Exercise goal: The whole listing below should be printed again exactly, with no images.

Recorded data:
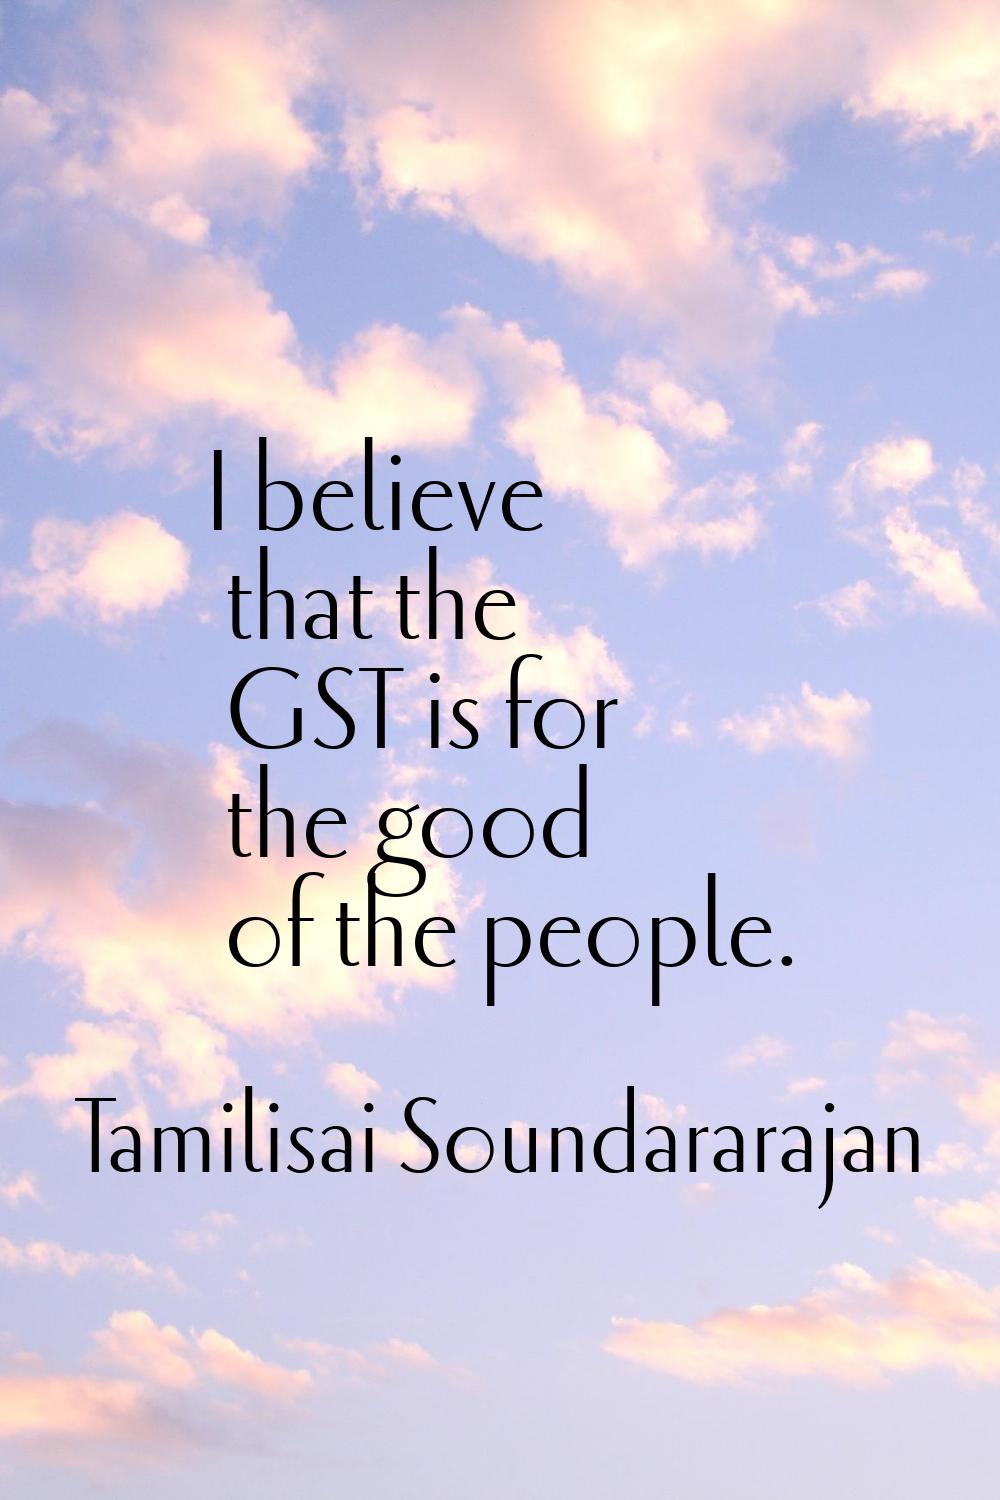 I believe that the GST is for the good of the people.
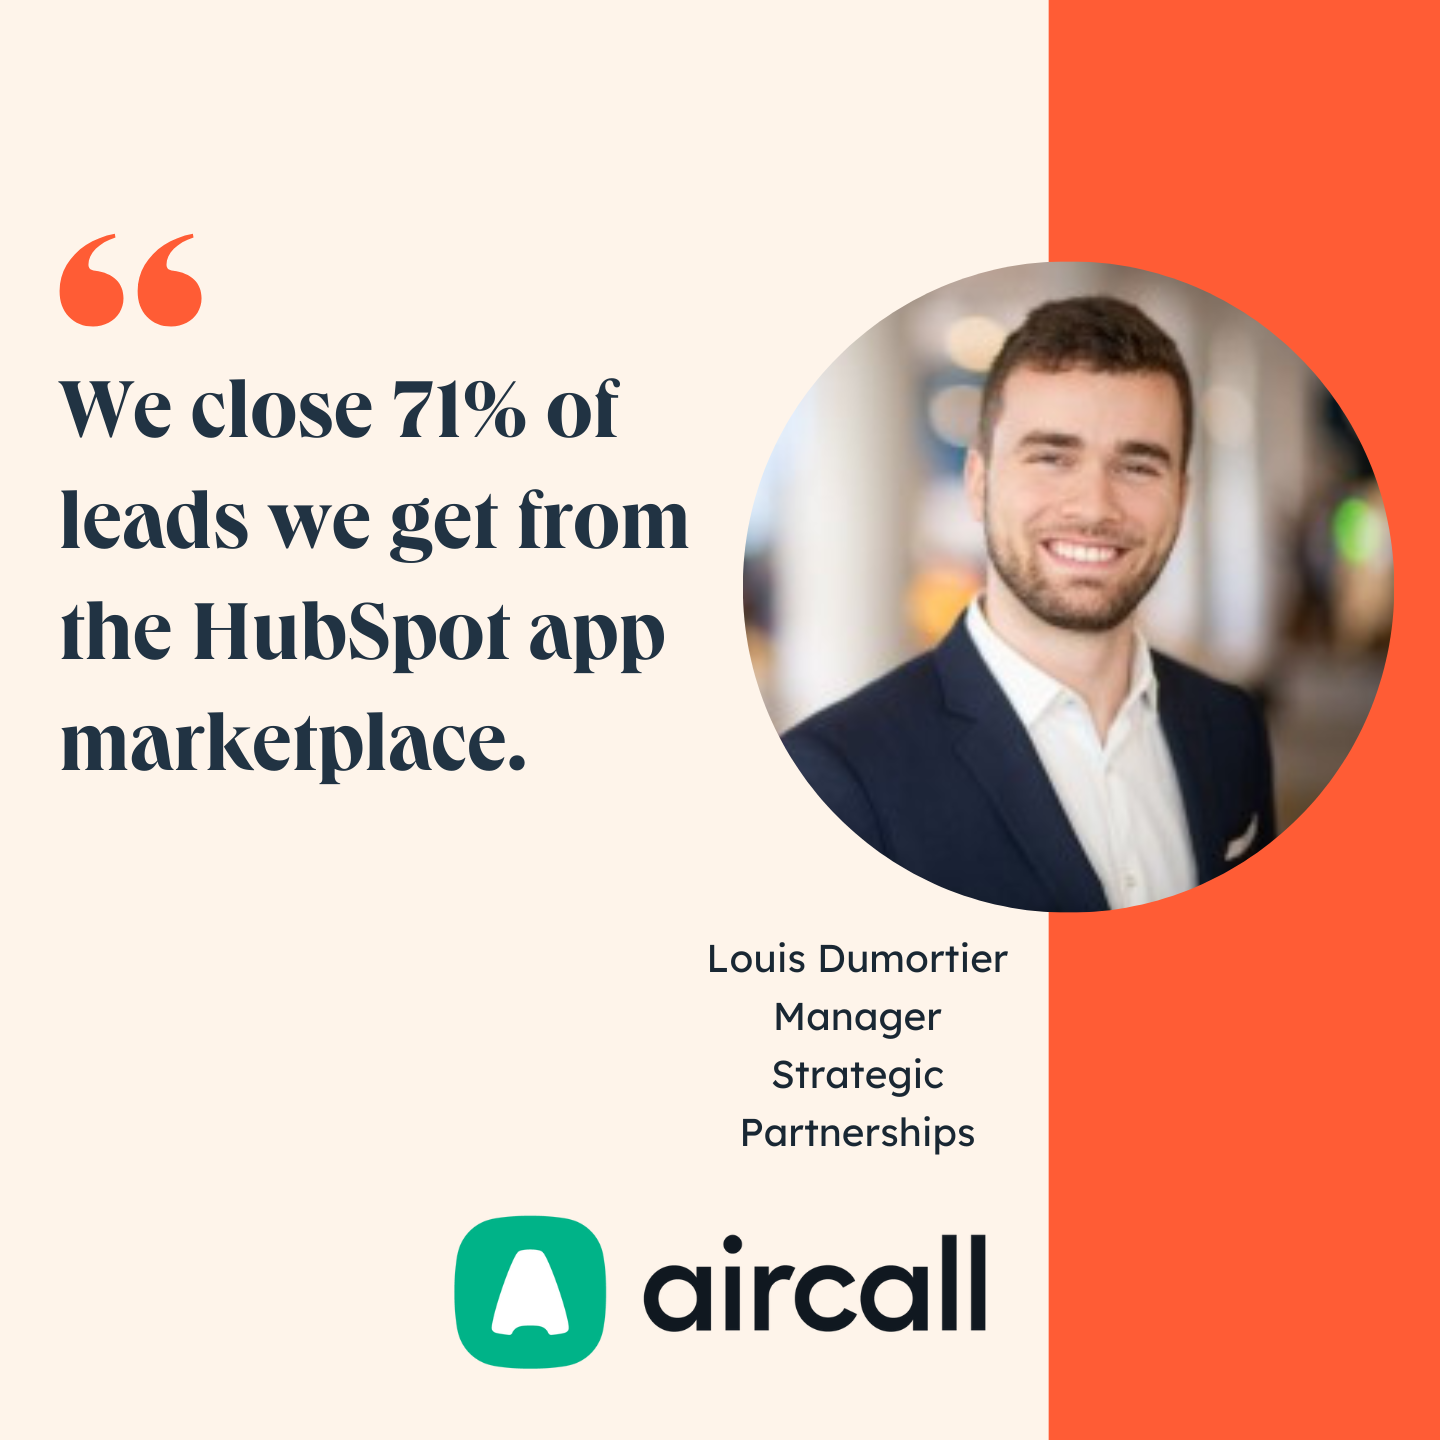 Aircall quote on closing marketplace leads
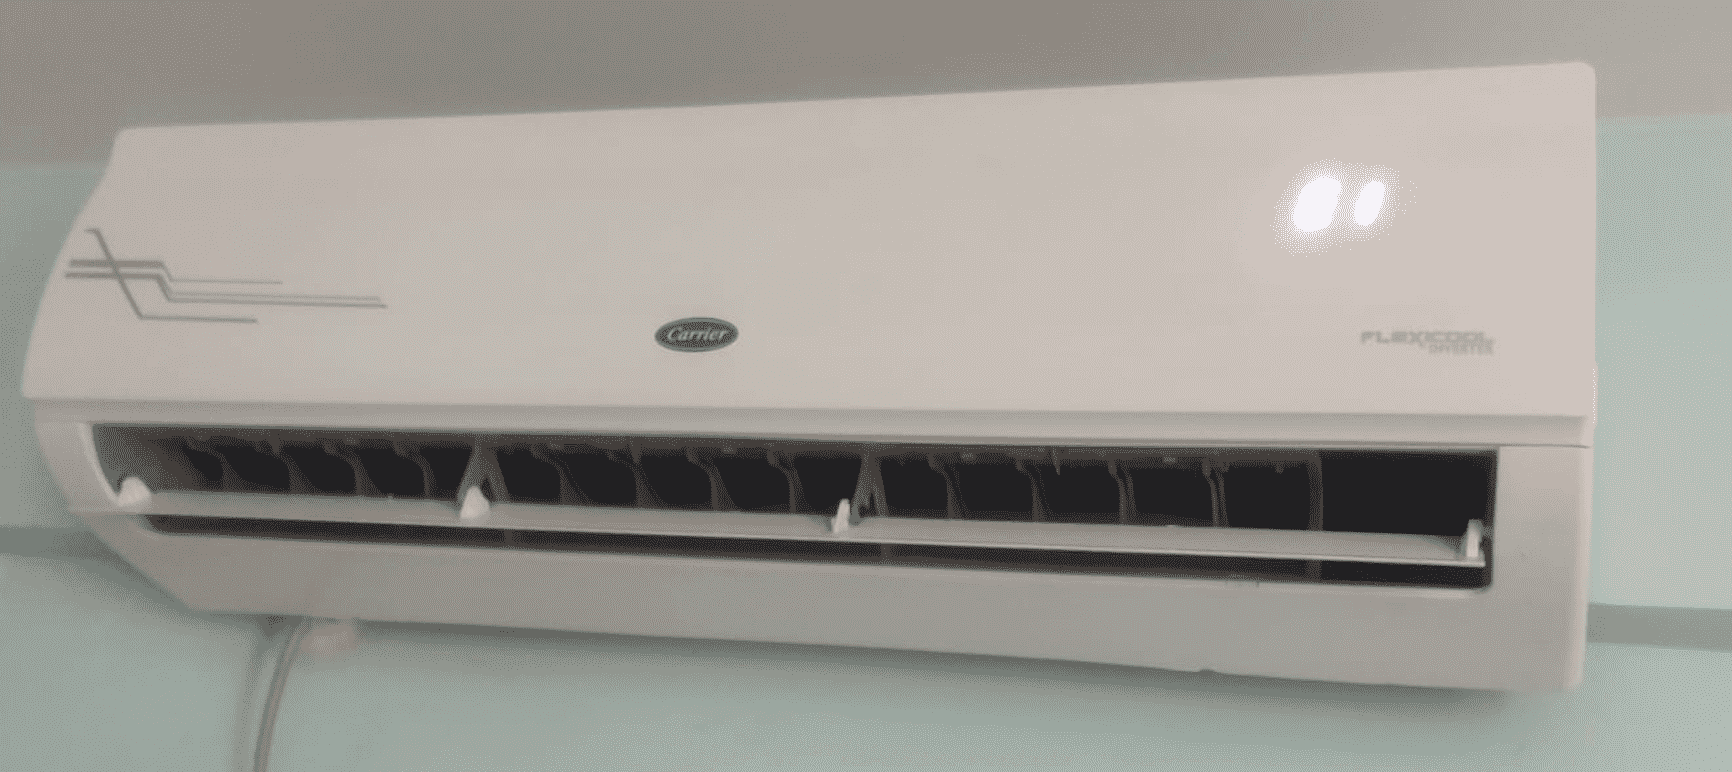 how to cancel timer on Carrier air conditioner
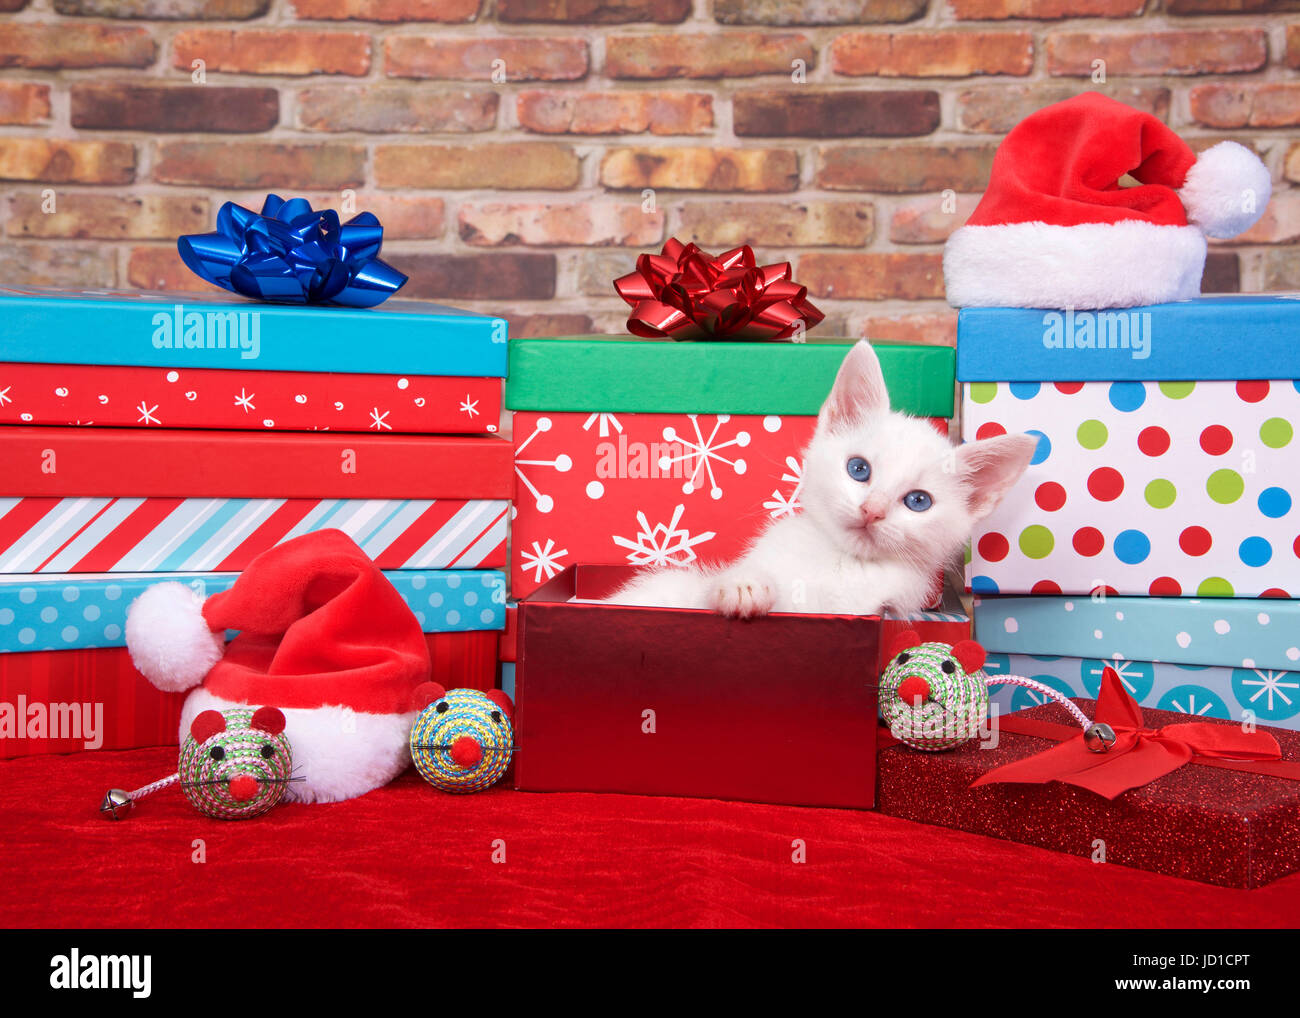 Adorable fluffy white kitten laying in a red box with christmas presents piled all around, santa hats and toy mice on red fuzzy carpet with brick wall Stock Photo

Output for this exercise:
 I believe that the GST is for the good of the people.
 Aircall quote on closing marketplace leads
 how to cancel timer on Carrier air conditioner
 Adorable fluffy white kitten laying in a red box with christmas presents piled all around, santa hats and toy mice on red fuzzy carpet with brick wall Stock Photo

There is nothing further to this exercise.